Why does Random.Next() always return the same number [duplicate]

问题

This question already has answers here:

Random number generator only generating one random number (9 answers)

Closed 4 years ago.

Consider this method:

private static int GenerateRandomNumber(int seed, int max)
{
   return new Random(seed).Next(max);
}

On my machine, executing this loop yields the same number through 1500 iterations:

  for (int i = 0; i < 1501; i++)
            {
                int random = GenerateRandomNumber(100000000, 999999999);
                Console.WriteLine(random.ToString());
                Console.ReadKey();
            }

I get 145156561, for every single iteration.

I don\'t have a pressing issue, I was just curious about this behavior because .Next(max) says \"Returns a Non Negative random number less than the specified maximum. Perhaps I am not understanding something basic.

回答1:

You're always seeding a new instance with the same seed, and then grabbing the first max. By using a Seed, you're guaranteeing the same results.

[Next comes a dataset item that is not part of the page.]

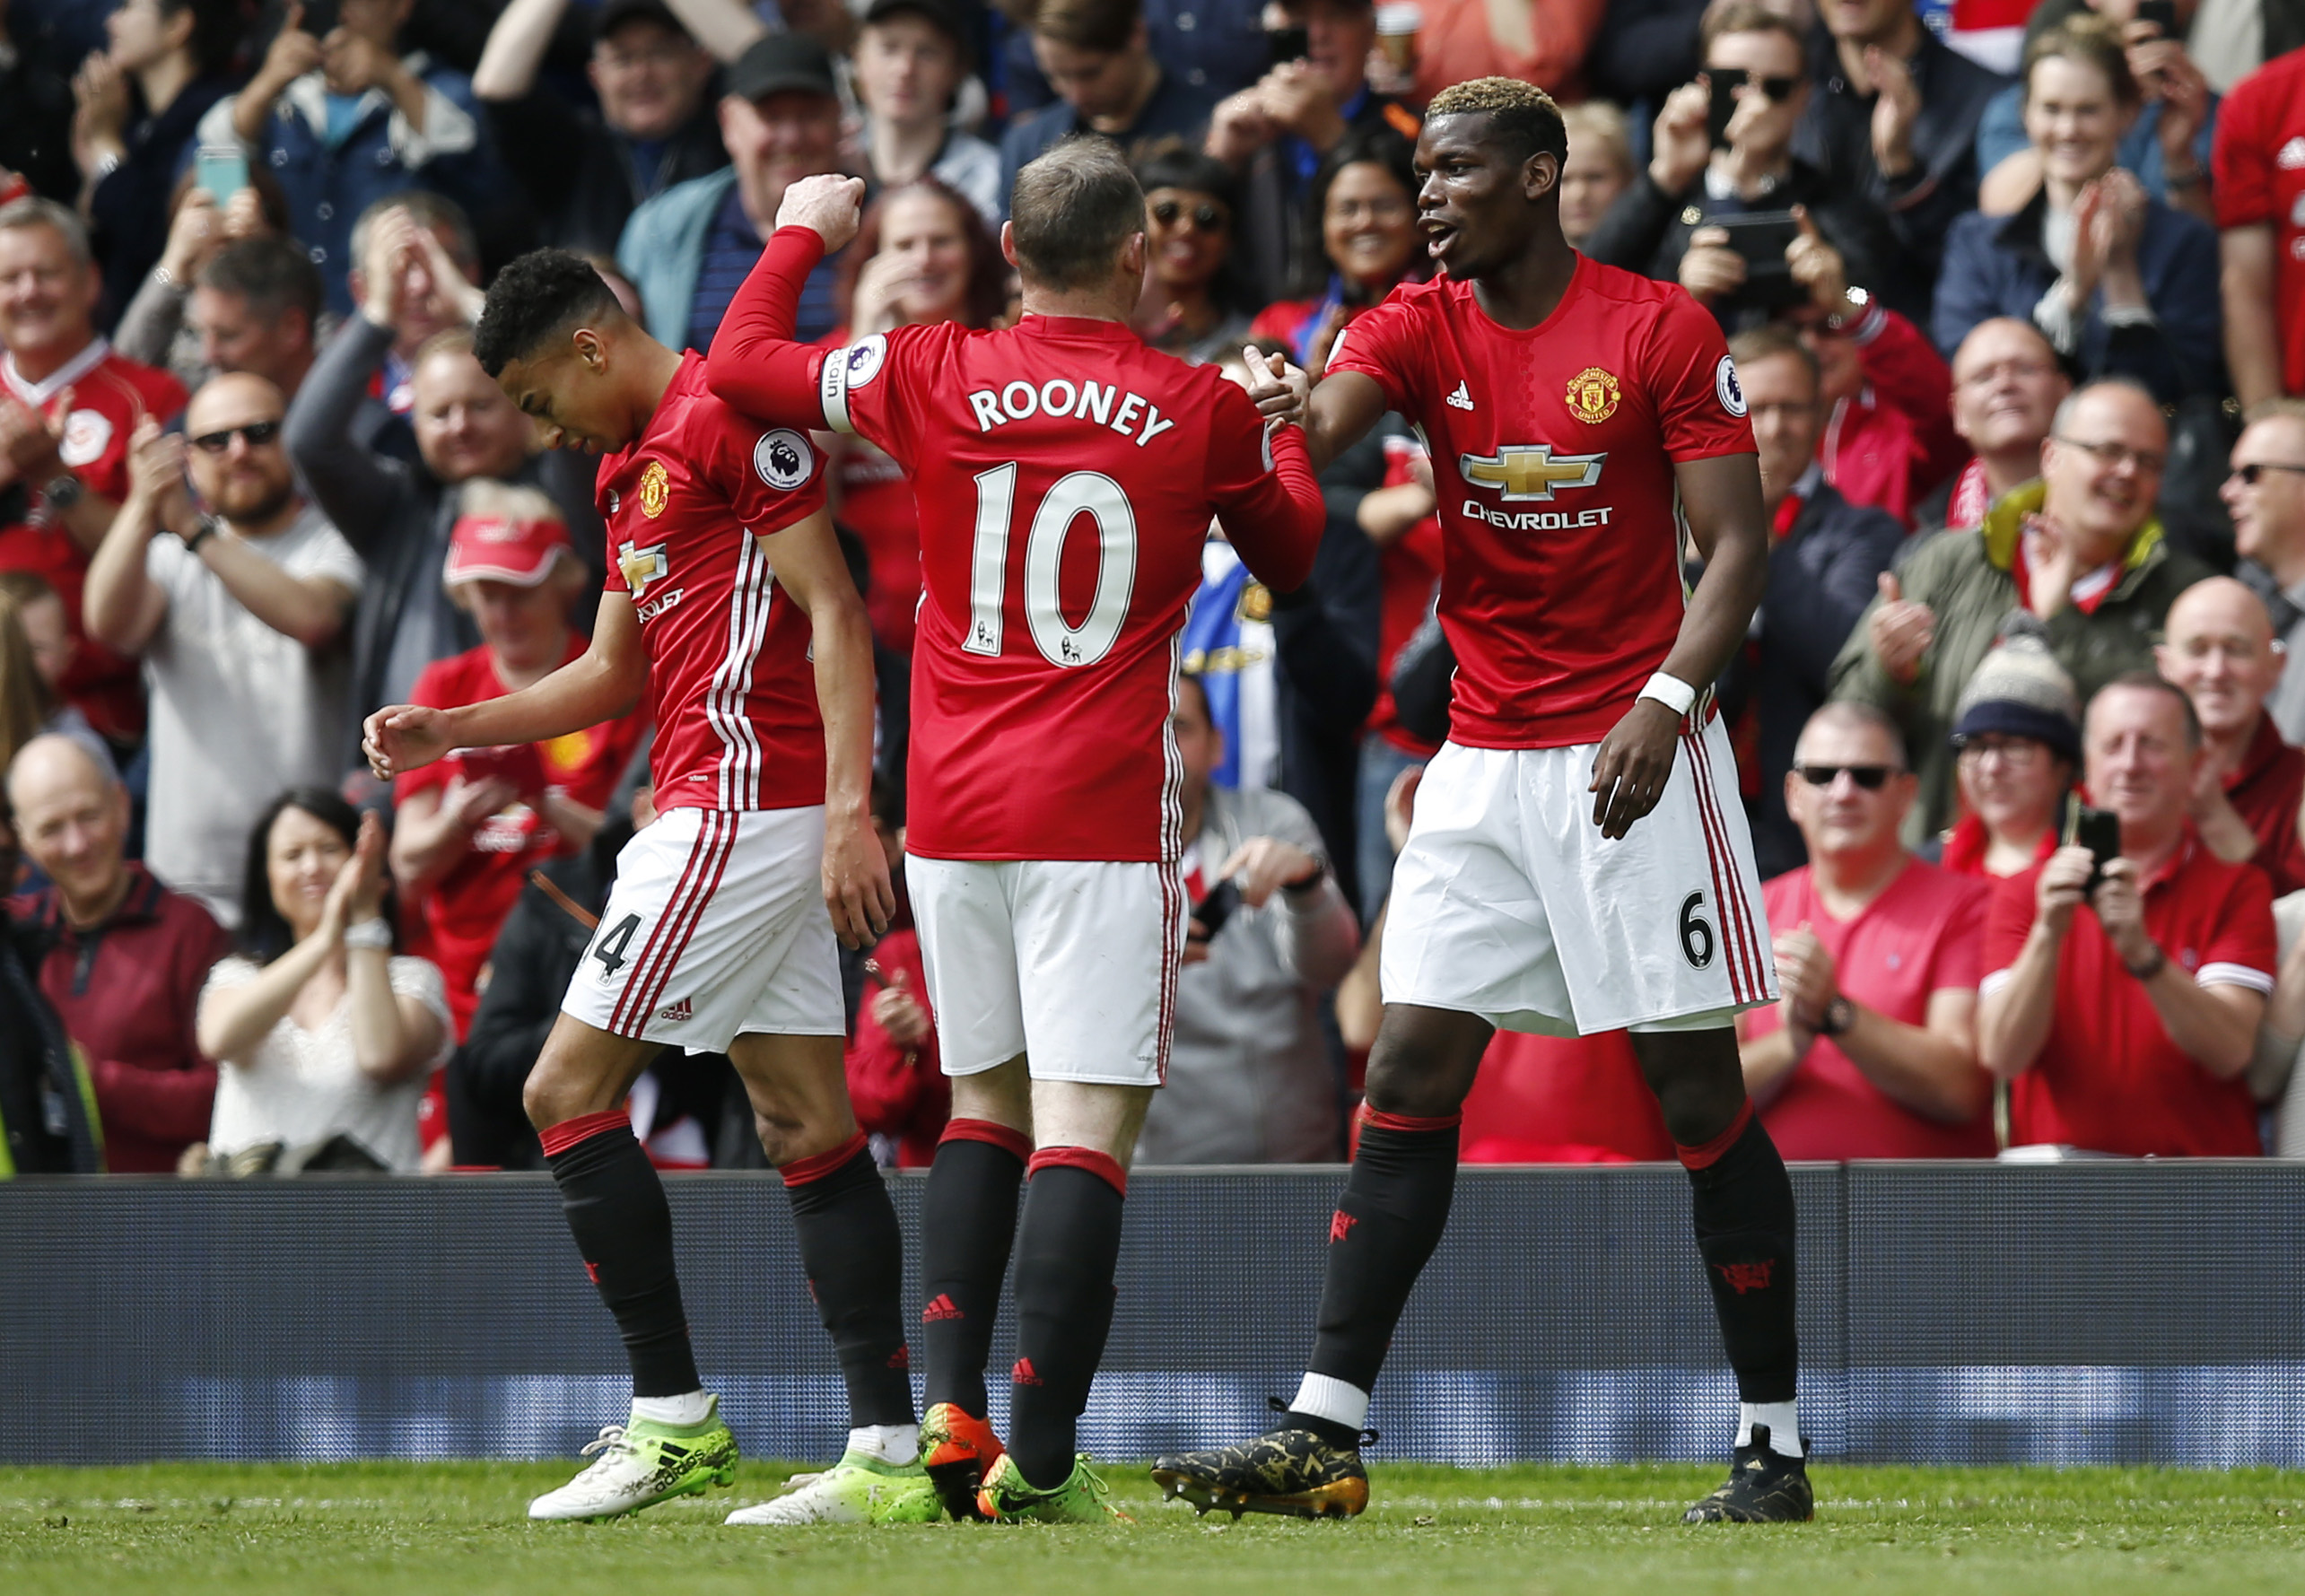 Football: Classy Pogba inspires Man United to win over Crystal Palace

If you want to have a static, random number generation that does different results, you should rework this a bit. However, since Random is not threadsafe, it requires some synchronization when used statically. Something like:

private static Random random;
private static object syncObj = new object();
private static void InitRandomNumber(int seed)
{
     random = new Random(seed);
}
private static int GenerateRandomNumber(int max)
{
     lock(syncObj)
     {
         if (random == null)
             random = new Random(); // Or exception...
         return random.Next(max);
     }
}

回答2:

Dilbert has encountered the same problem back in 2001:

http://dilbert.com/strips/comic/2001-10-25/

Coincidence?

I don't think so.

And random.org agrees : http://www.random.org/analysis/

回答3:

The problem is that you are creating a new Random instance with the same seed number each time. You should create a single Random instance (store it in a static if necessary) and simply call the next method on that same instance.

Random number generation is not truly random, see this Wikipedia entry for more details.

回答4:

Pseudo-random number generator usually work by choosing a seed, and then generating a deterministic sequence based on that seed. Choosing the same seed every time, you generate the same sequence.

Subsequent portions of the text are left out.